PGCE is gradually being phased out because the needs and priorities that the DBE wants to achieve in terms of the policies in place have changed. This guided the Department to set programmes for degrees in universities. In this way, PGCE has become redundant because new university graduates are trained on a newer qualification framework that is needed now for subjects within the schooling system. However, those students busy with PGCE are allowed to continue and will be absorbed into the system and are not considered redundant. The Department cannot place someone that does not satisfy the needs and priorities, and therefore there was a delay in vacancy placements. However, the placement rate currently is successful.
Dr Patricia Watson, Chief Director: Social Inclusion and Partnerships in Education, DBE, stated that the vaccination programme was broadly inclusive and looked at schools as ecosystems and invited management teachers as well as service staff and general workers to come for the vaccine. The success of this programme was largely because of the inclusive approach. The Department of Health used ID numbers, so it is impossible to indicate which members of the schools were more vaccinated in terms category. However, the Department is pleased with the outcome of the vaccination programme.

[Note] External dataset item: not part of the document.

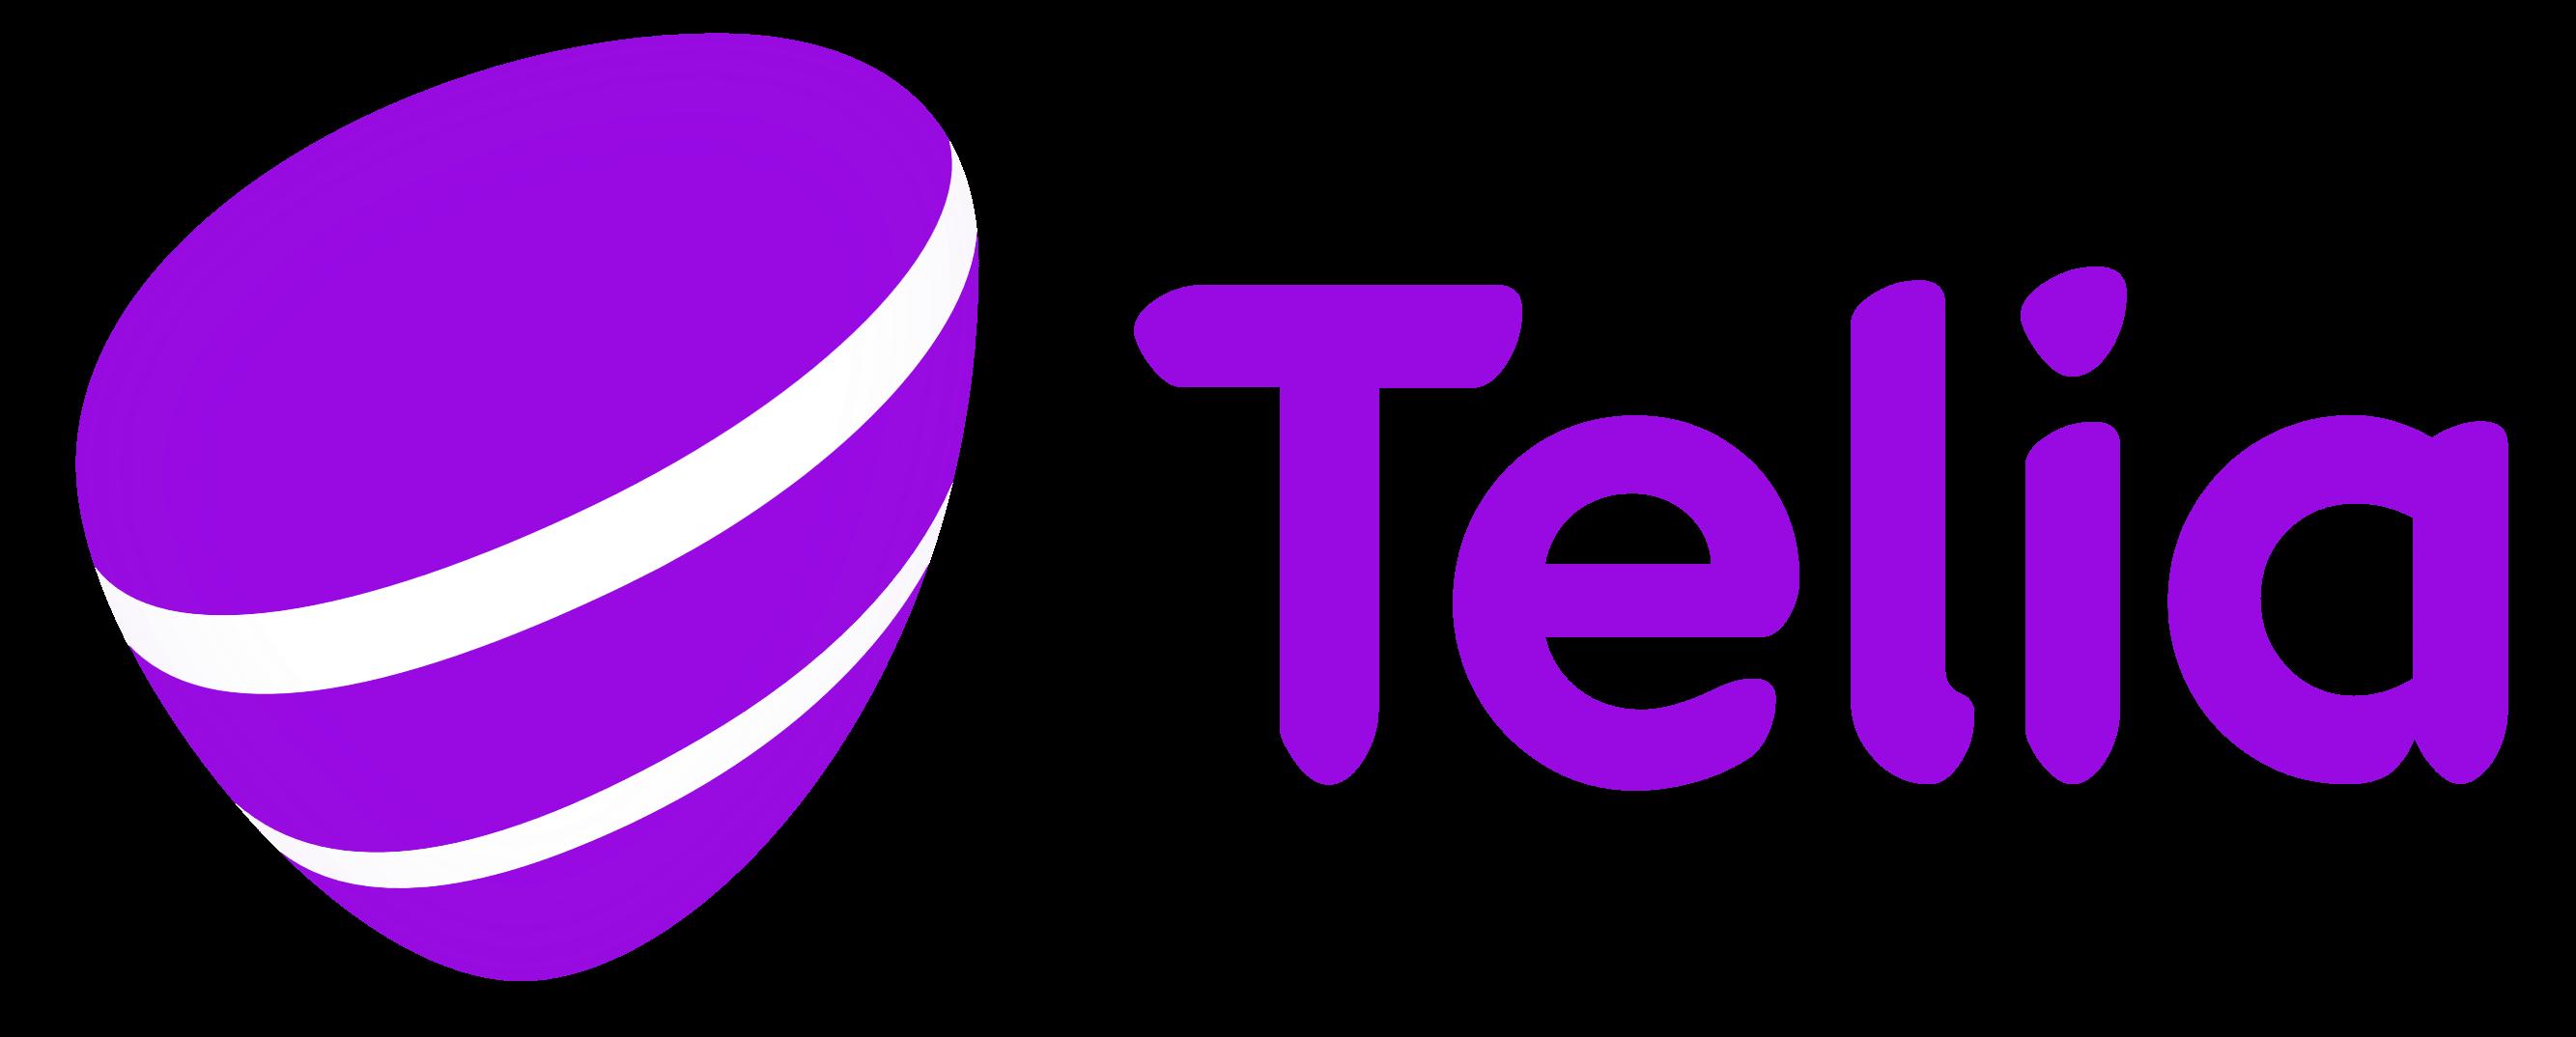 https://www.chasetek.com/wp-content/uploads/2018/02/Telia_logo.png

Mr Rufus Poliah, Chief Director: National Assessment and Public Examinations, DBE, answered questions relating to the curriculum. He said that the DBE will use the next three years to ensure that, to some degree, the system in terms of curriculum coverage will be brought to a point where it can reach the next level. The rotational system in some schools in order to allow them to follow the curriculum programme has to be accommodated given the fact that the curriculum was shortened to only focus on the fundamentals. This will surely help the Department in the next three years to make sure that core skills are addressed and developed before moving onto the next phase in terms of the curriculum programme.

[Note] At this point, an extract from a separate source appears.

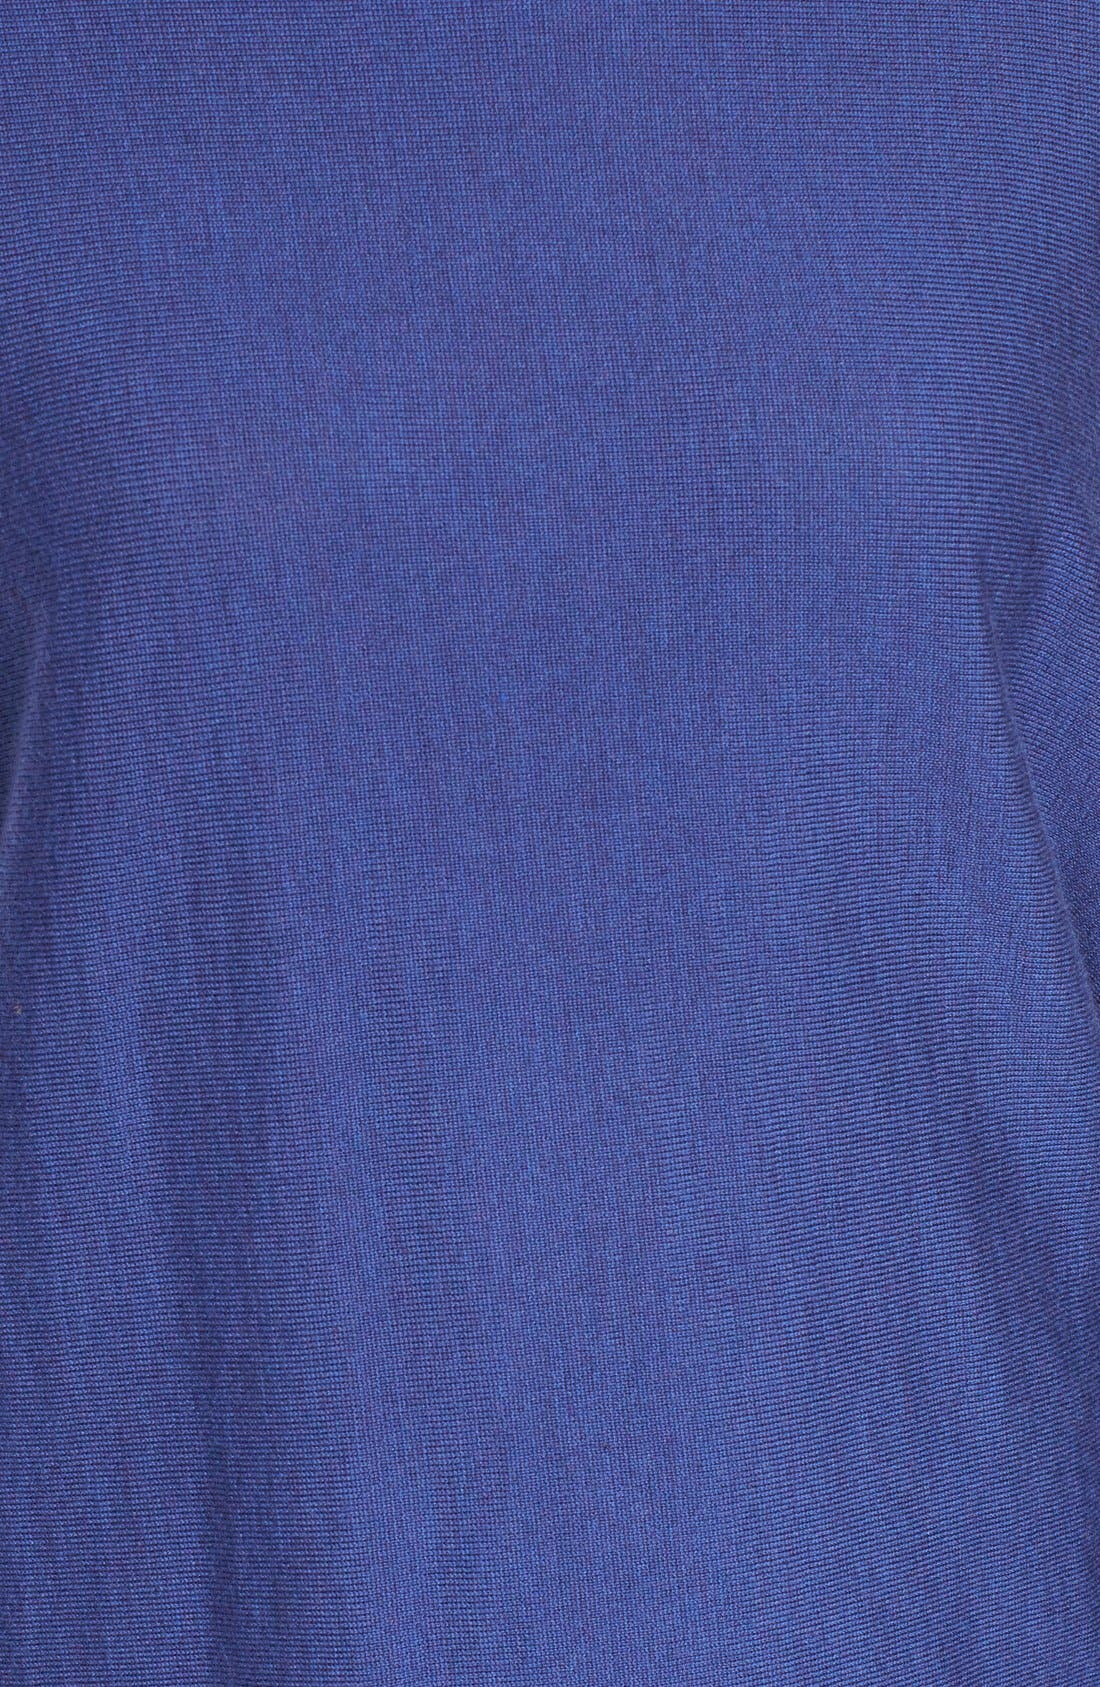 Asymmetrical Merino Jersey Turtleneck,                             Alternate thumbnail 5, color,                             Adriatic

The release of results will be available at schools on the 21 January 2022. In terms of the “zero percentage” achievement in schools: of these only eight were secondary schools. The rest were part-time centers and independent and special schools. It is noted that of the schools whose learners received zero, analysis shows that the number was very low, and varied, in most cases, between 5 to 8 learners. There were three schools with 15 learners each and one school with 22 learners. These are small non-viable schools that need attention. These schools were visited and continuously monitored to identify what caused the zero percent. The DBE will make sure that at the end of the year, the schools do not perform so low again. In fact, schools with a pass rate of 50% and lower will also be monitored.
In terms of bilingual education, the DBE is working closely with the Eastern Cape and are being monitored to make sure to learn from this pilot but to also make sure that learners who participate are not disadvantaged in any way. For example, the examination papers were crafted using bilingual question papers in four subjects. The papers will be evaluated to ensure that they are accurately translated. The writing and the results were analysed.
The Chairperson thanked everyone. She emphasised that the Committee was pleased with the fruitful and informative meeting. The DBE made the Committee feel at ease with the plans that were presented. There are still minor challenges, and it is acknowledged that it will remain so for some time. The Committee urged the DBE and provincial education departments to continue to work on these minor challenges in order to erase them.